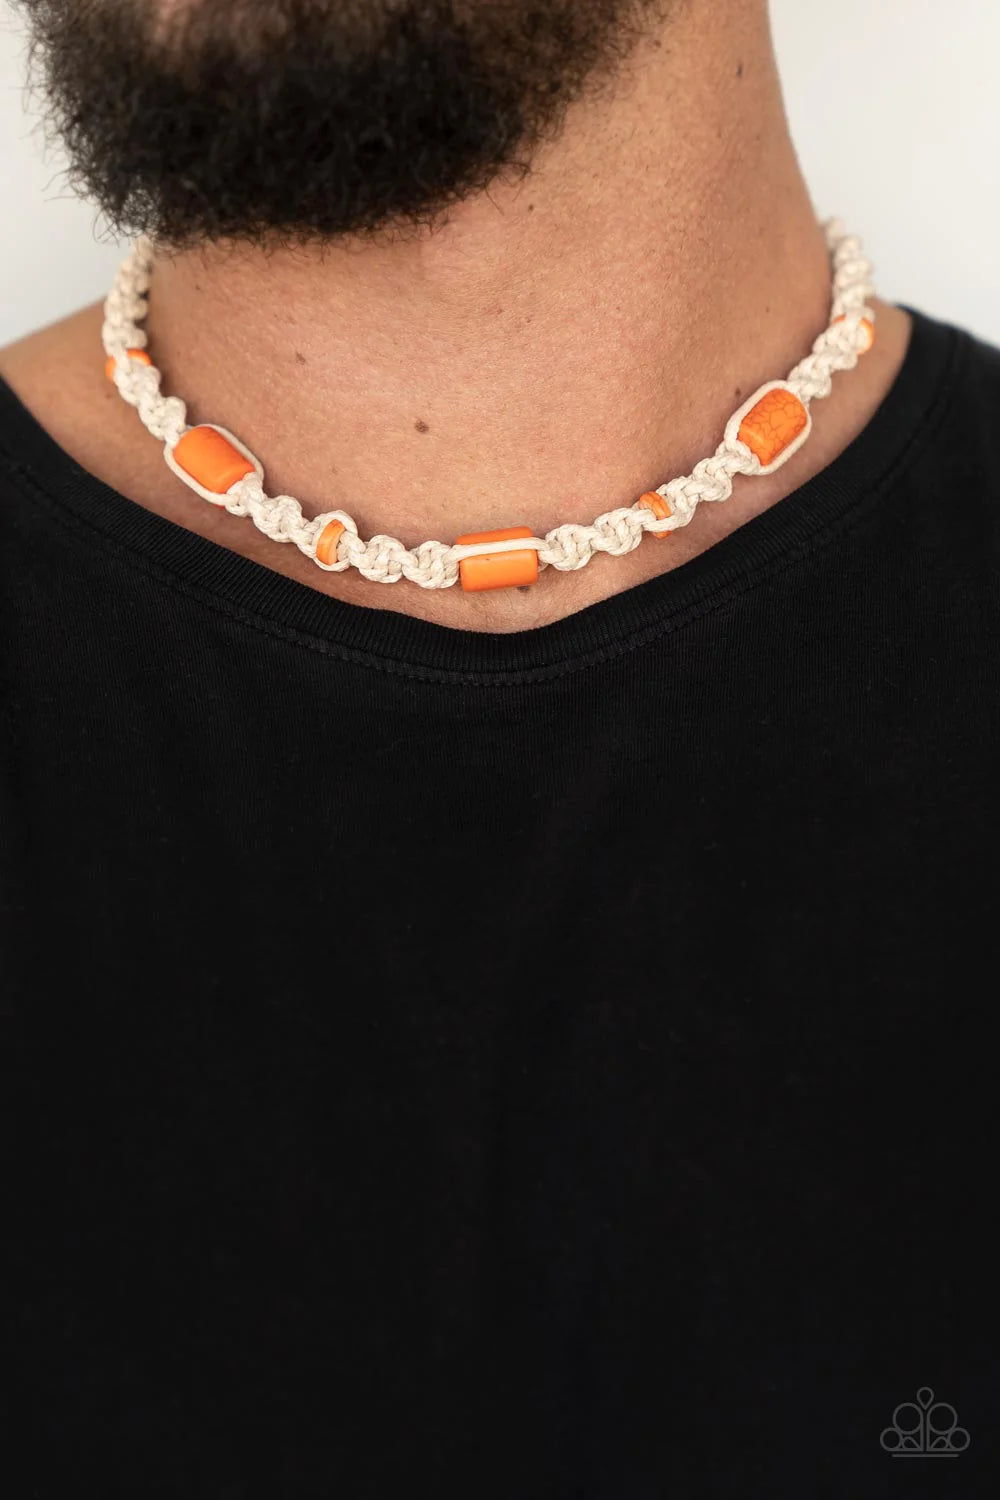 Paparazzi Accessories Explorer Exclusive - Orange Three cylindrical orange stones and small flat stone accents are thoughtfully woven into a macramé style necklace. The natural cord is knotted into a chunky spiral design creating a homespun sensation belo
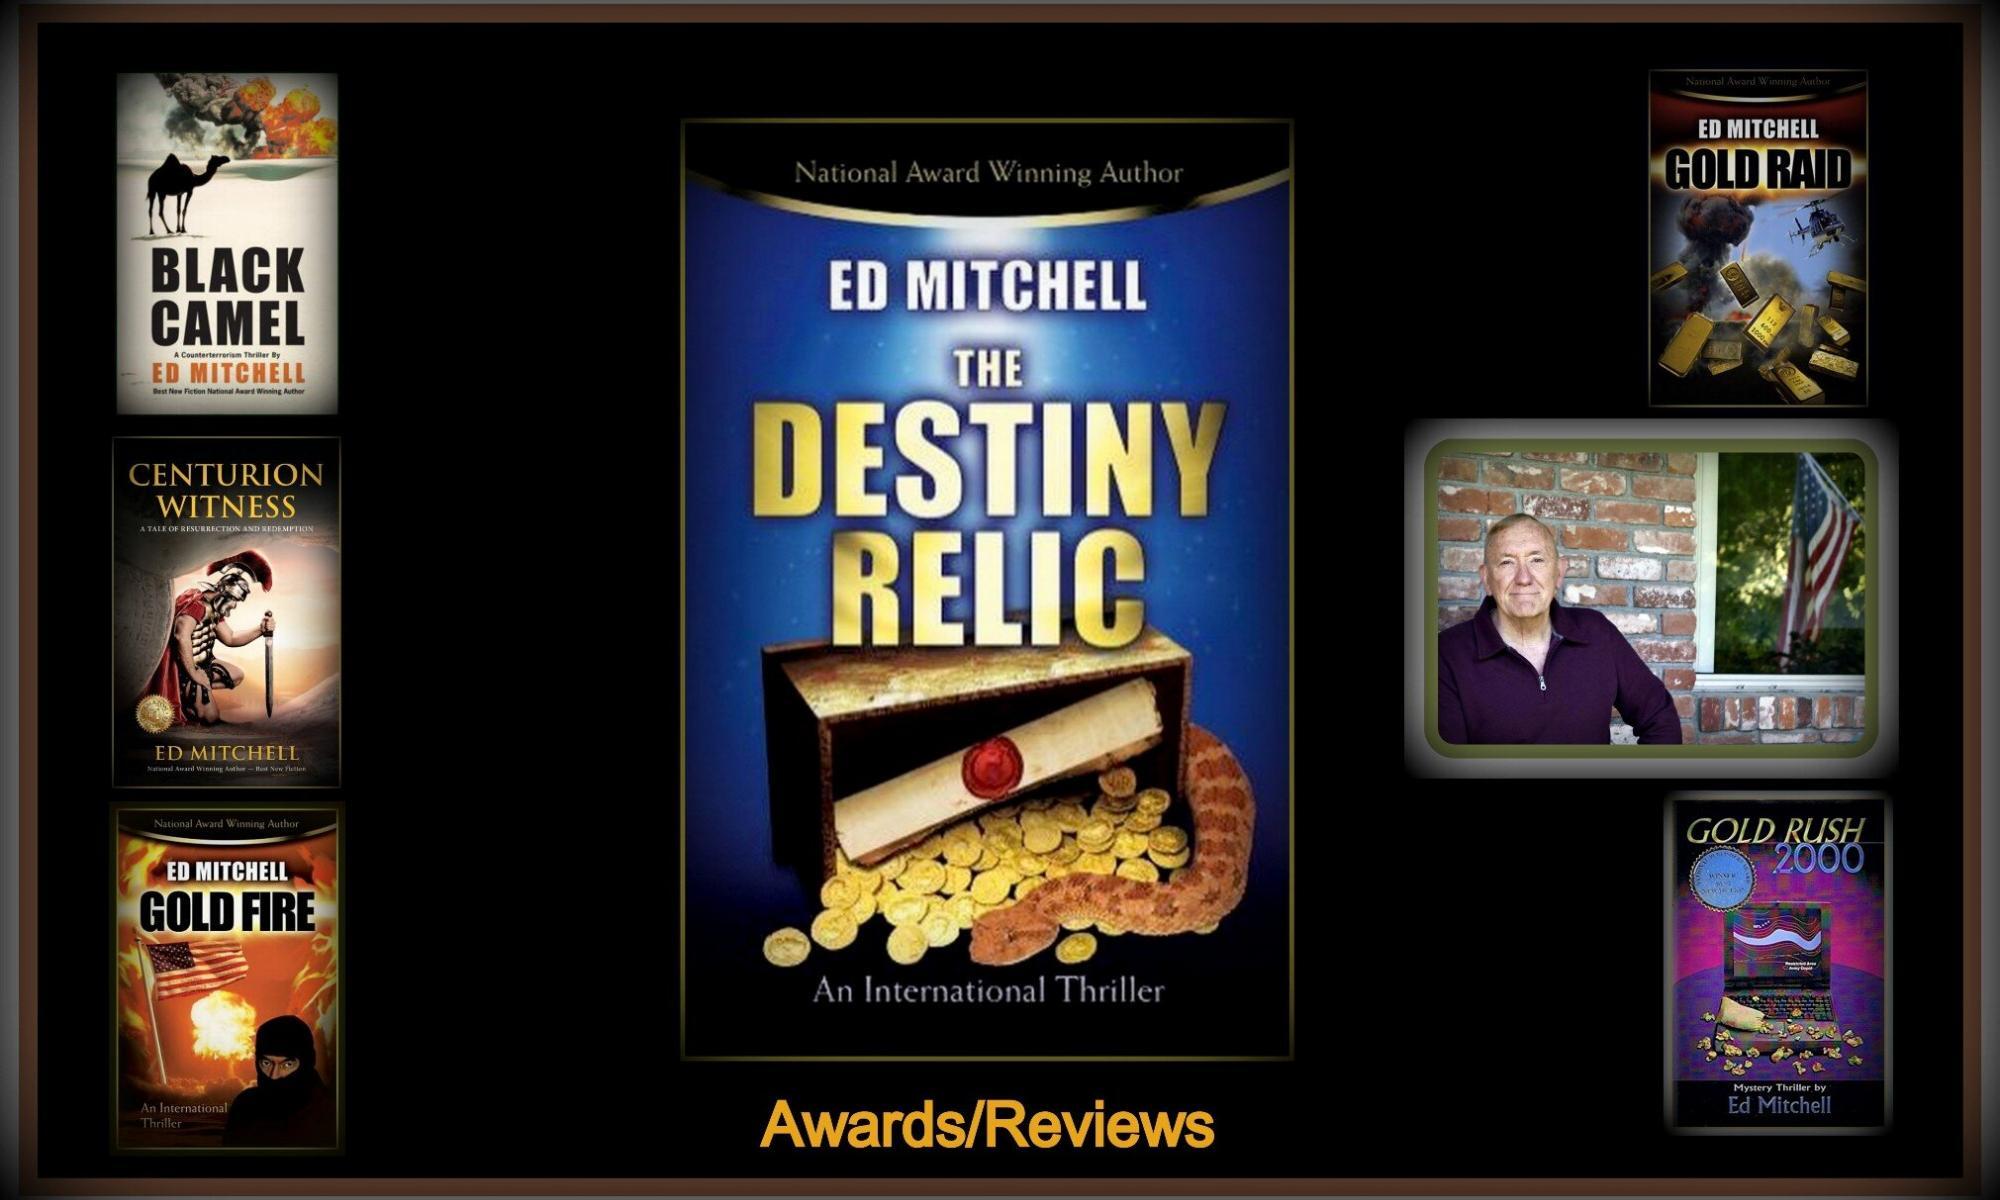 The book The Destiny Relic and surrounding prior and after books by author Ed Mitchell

========================

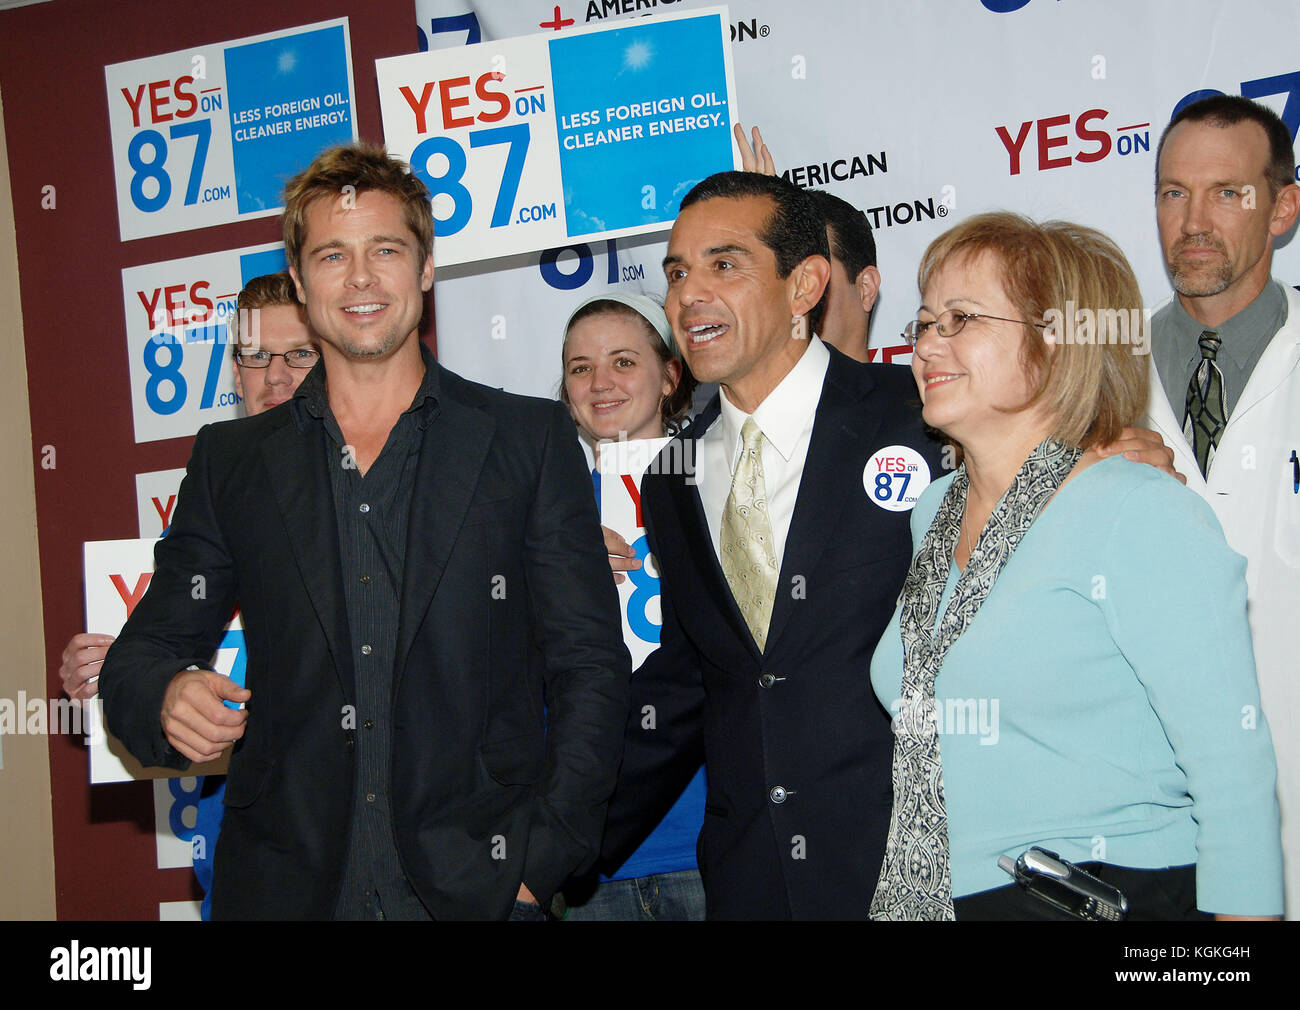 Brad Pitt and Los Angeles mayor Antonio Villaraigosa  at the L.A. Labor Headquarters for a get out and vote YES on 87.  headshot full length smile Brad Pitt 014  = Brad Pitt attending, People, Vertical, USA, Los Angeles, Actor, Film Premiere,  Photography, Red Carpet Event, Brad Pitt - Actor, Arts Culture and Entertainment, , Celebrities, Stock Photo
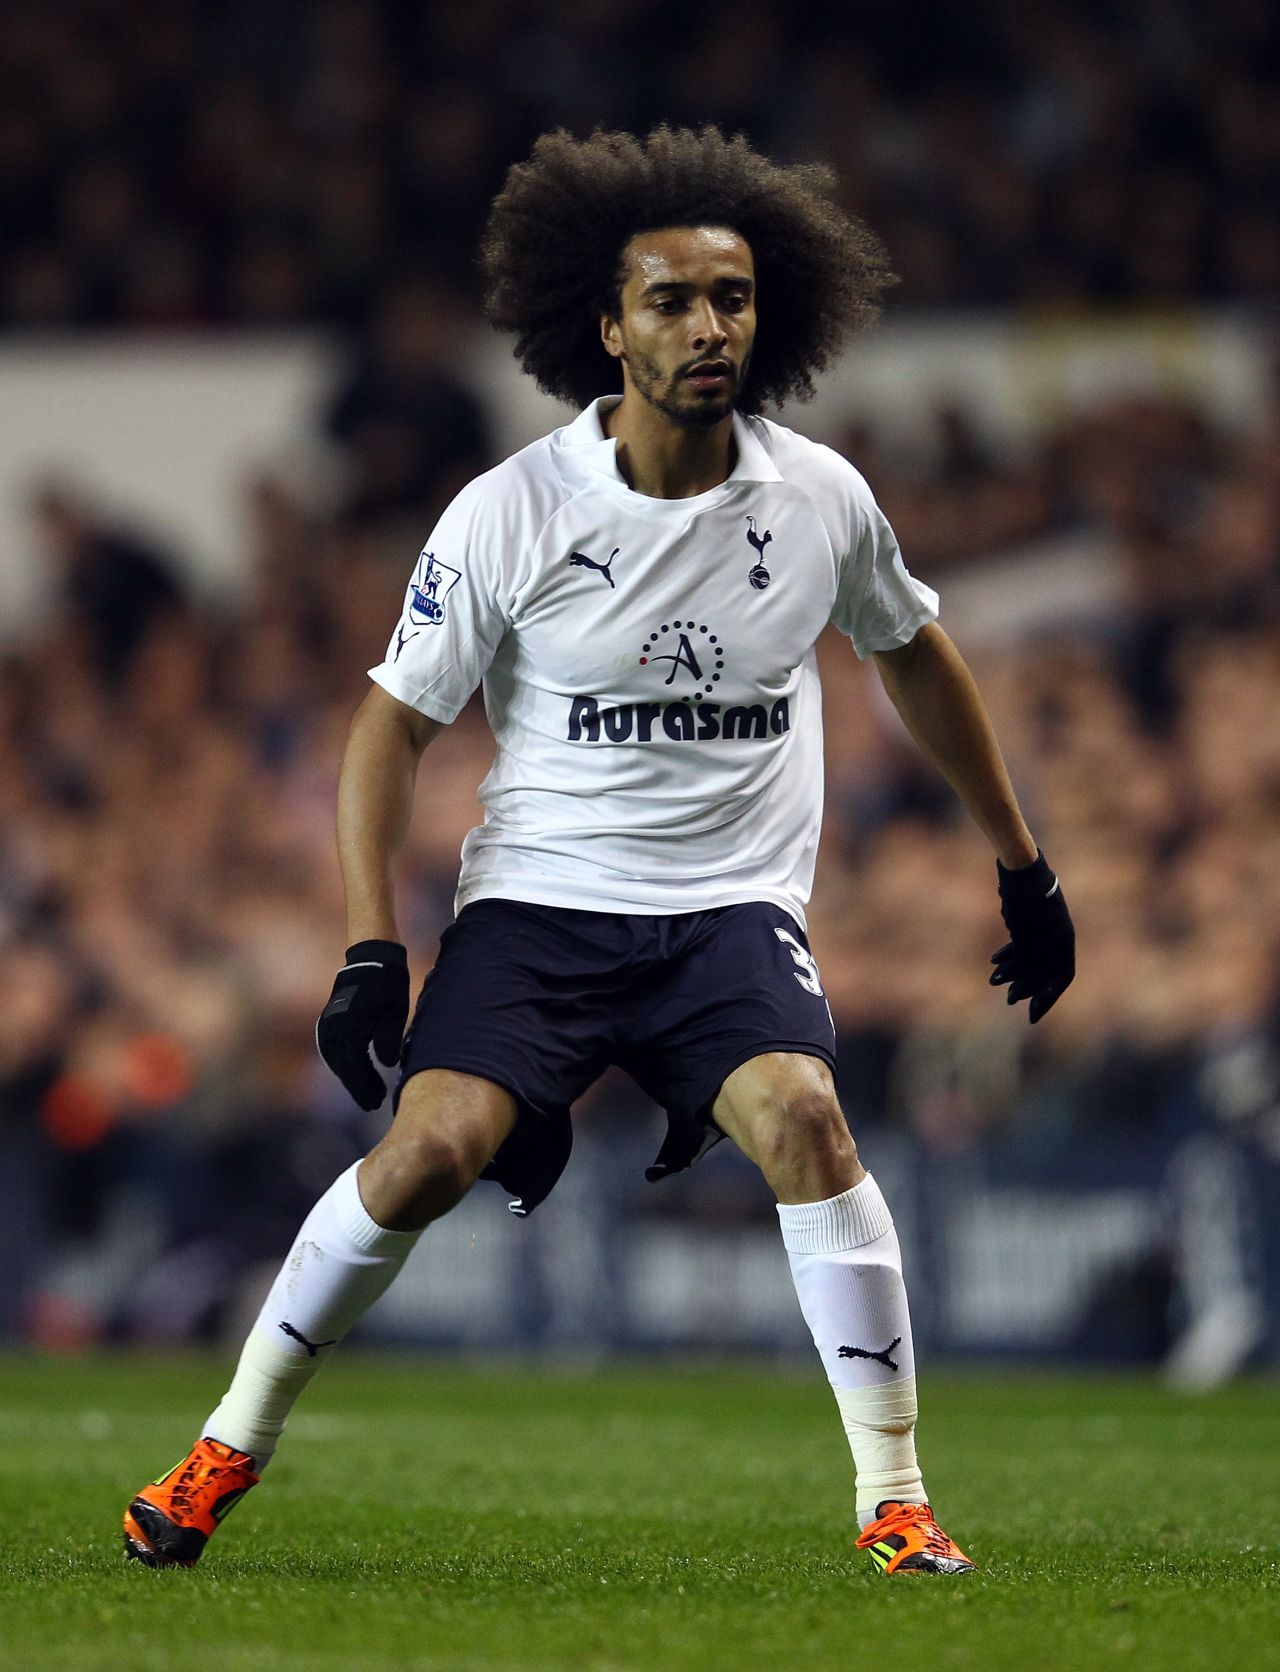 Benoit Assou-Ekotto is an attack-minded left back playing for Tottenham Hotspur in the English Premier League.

========================

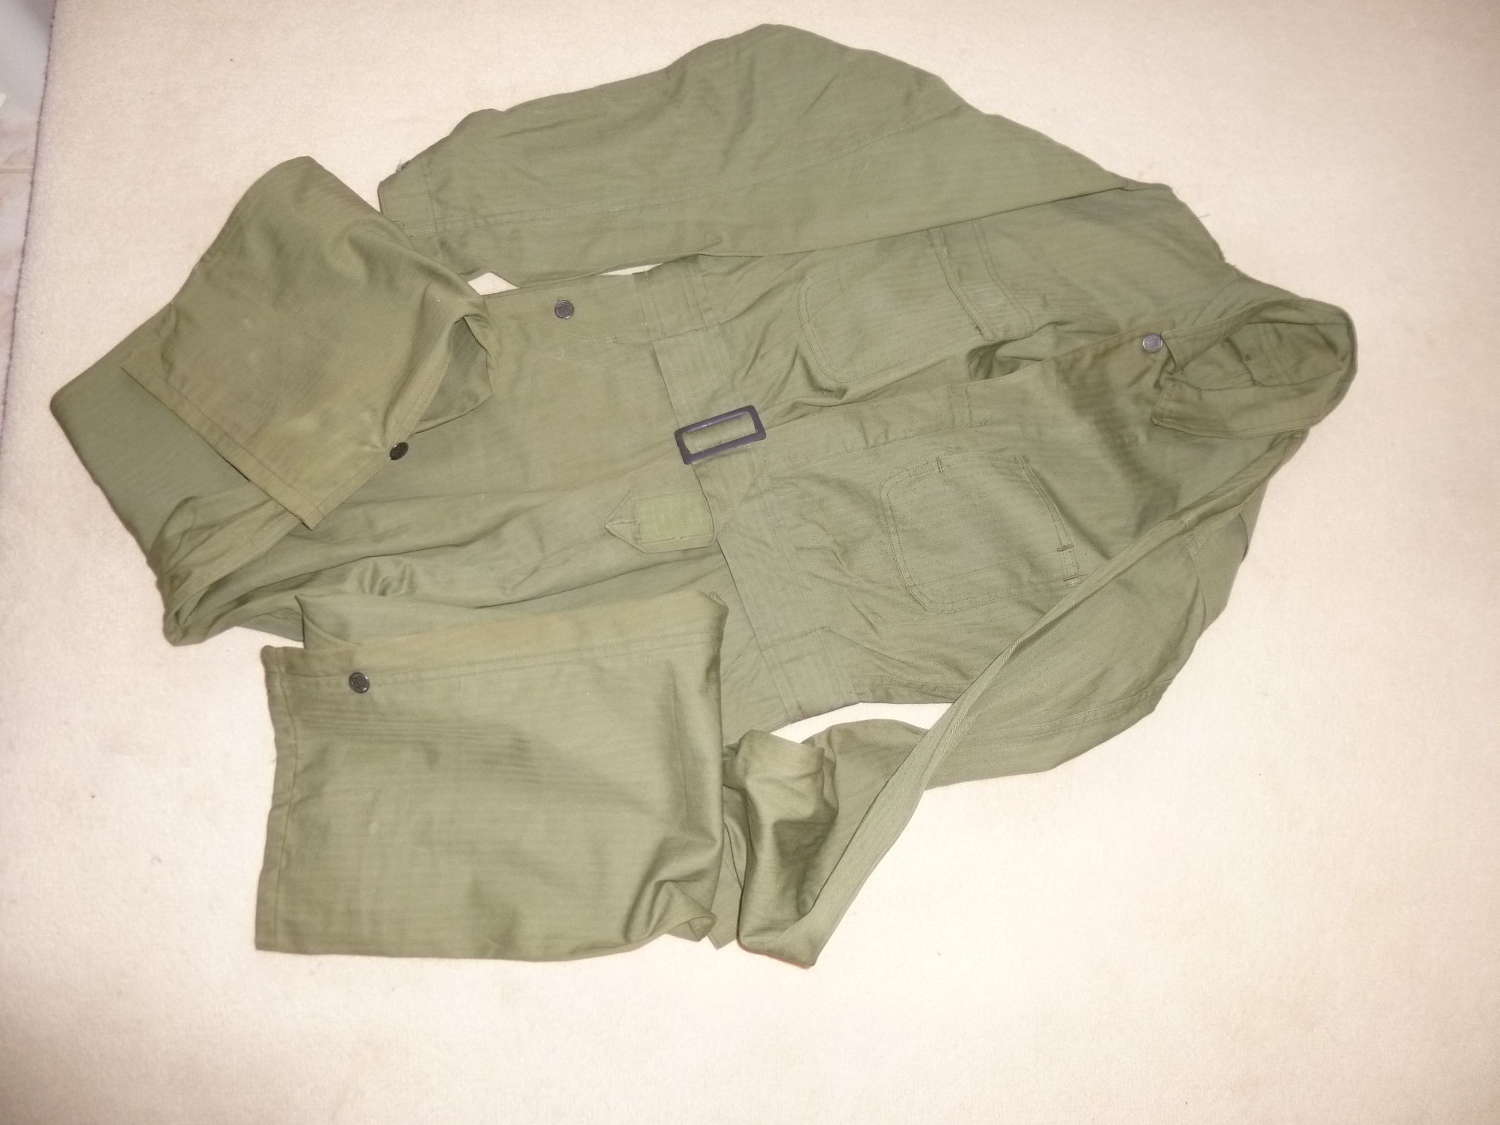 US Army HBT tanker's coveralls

========================

What the exercise asks :: The answer is the lines above from the one with "Paparazzi Accessories Explorer" to the one with "The book The", set down exactly, with no pictures.

Answer ::
 Paparazzi Accessories Explorer Exclusive - Orange Three cylindrical orange stones and small flat stone accents are thoughtfully woven into a macramé style necklace. The natural cord is knotted into a chunky spiral design creating a homespun sensation belo
 The book The Destiny Relic and surrounding prior and after books by author Ed Mitchell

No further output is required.